De Slane translated Ibn Khaldun as saying that the kingship passed from Muhammad to Abu Bakr, then to Musa. However, in the original Arabic text, Abu Bakr is only mentioned as the progenitor of Musa's lineage, not as a ruler. The Abu Bakr in question was a brother of Sunjata, the founder of the Mali Empire, who never ruled himself. Another figure named Abu Bakr did rule as Mansa, but he was the predecessor of Sakura, not Musa. Additionally, some historians have suggested without elaboration that the voyage should be attributed to Mansa Qu, who was the father and predecessor of Muhammad ibn Qu according to Ibn Khaldun.

Interpretation.

Not enough uncontroversial evidence of pre-Columbian contact between Africa and the Americas has been found. Regardless of whether any Malian ships ever reached the Americas, they never returned to Africa, and there were no long-term economic consequences of the voyage. The river on the sea described by the survivor of the first expedition is presumably the Canary Current. Including this fact in Musa's account indicates that Musa had some awareness of the oceanographic conditions of the open Atlantic. The Canary Current flows from West Africa to the Americas, which would have facilitated travel from Africa to the Americas but prevented it in the opposite direction.

Ivan van Sertima and Malian researcher Gaoussou Diawara proposed that the voyage reached the New World. Van Sertima cites the abstract of Columbus's log made by Bartolomé de las Casas, according to which the purpose of Columbus's third voyage was to test both the claims of King John II of Portugal that "canoes had been found which set out from the coast of Guinea [West Africa] and sailed to the west with merchandise" as well as the claims of the Taino community native inhabitants of the Caribbean island of Hispaniola that "from the south and the southeast had come black people whose spears were made of a metal called guanín ... from which it was found that of 32 parts: 18 were gold, six were silver and eight copper."

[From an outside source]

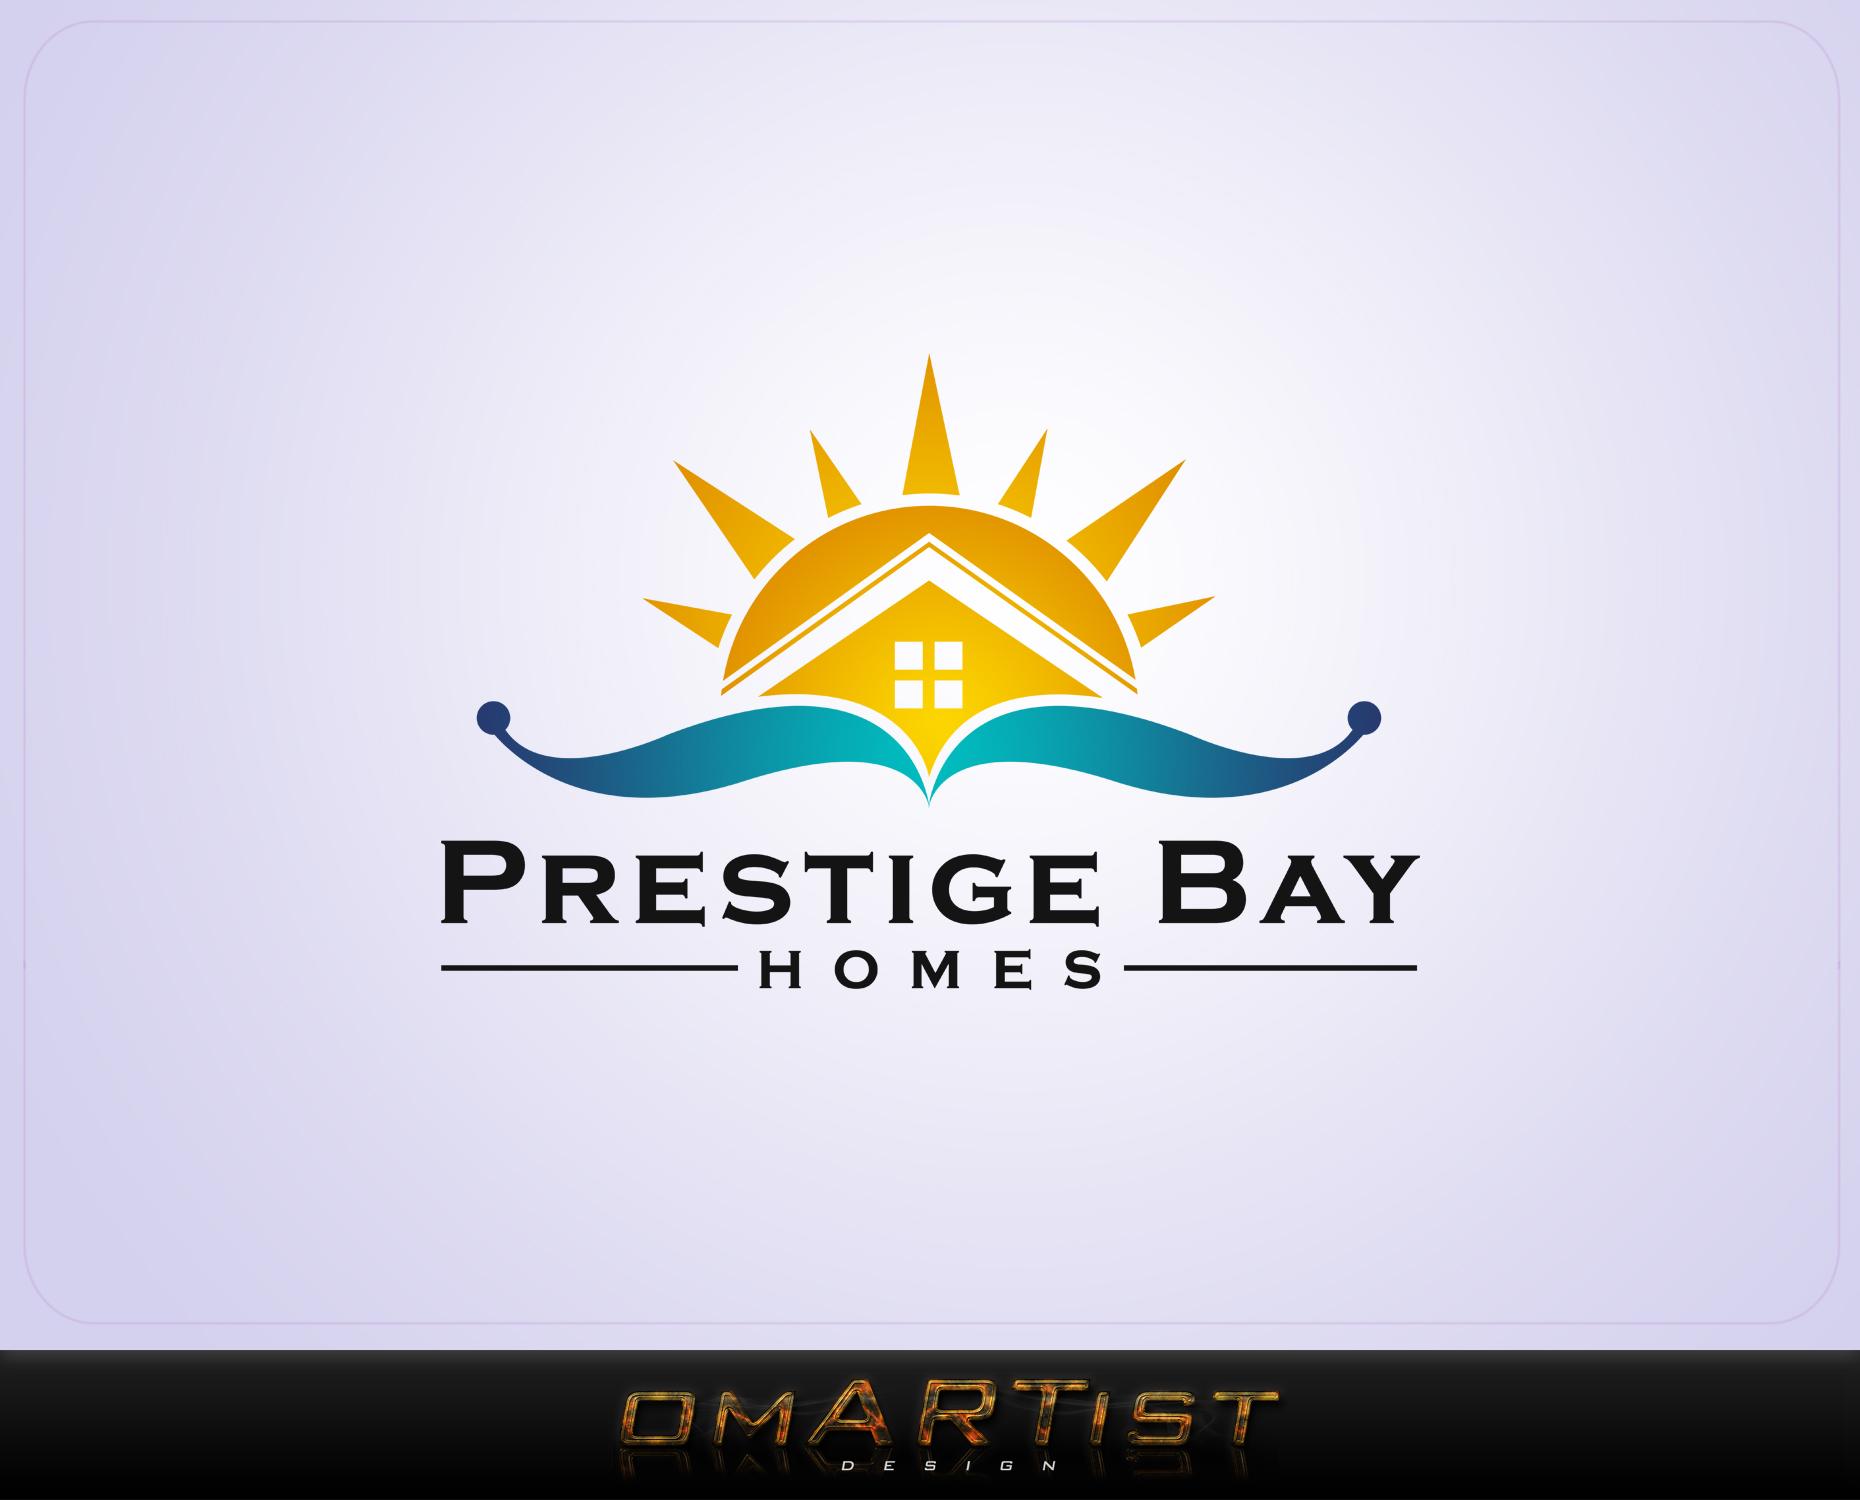 Logo Design by omARTist - Entry No. 141 in the Logo Design Contest Imaginative Logo Design for Prestige Bay Homes.

However, most archaeologists, anthropologists, ethnohistorians, linguists, and other modern pre-Columbian scholars say that there is no evidence of any such voyage reaching the Americas and that there are insufficient evidentiary grounds to suppose there has been contact between Africa and the New World at any point in the pre-Columbian era. For views representative of this point of view, see the considerations on the question advanced in Haslip-Viera et al. (1997), who notes "no genuine African artifact has ever been found in a controlled archaeological excavation in the New World." See also the supporting responses in peer review printed in the article by David Browman, Michael D. Coe, Ann Cyphers, Peter Furst, and other academics active in the field. Ortiz de Montellano et al. (1997, passim.) continue the case against Africa-Americas contacts. Other prominent Mesoamerican specialists, such as UC Riverside anthropology professor Karl Taube are confident that "There simply is no material evidence of any pre-Hispanic contact between the Old World and Mesoamerica before the arrival of the Spanish in the sixteenth century."

Legacy.

Mansa Musa appears to have considered his predecessor's plan impractical. The main point he appears to have been trying to make to Ibn Amir Hajib is that his predecessor's failed voyage paved the way to his becoming king. Likewise, it has been speculated that the lack of information in the oral tradition about the voyage reflects a view that Mansa's voyage was a shameful abdication of duty. In modern times, the voyage has become more celebrated.

The Malian historian Gaoussou Diawara has remarked that modern politicians should look up to the Mansa as an example of a ruler who valued science and discovery over holding onto power. A precise date for the voyage is unknown, though it is interpreted as having occurred in or shortly before 1312; Musa is inferred to have become Mansa. No clear evidence of the fate of the voyage has been found.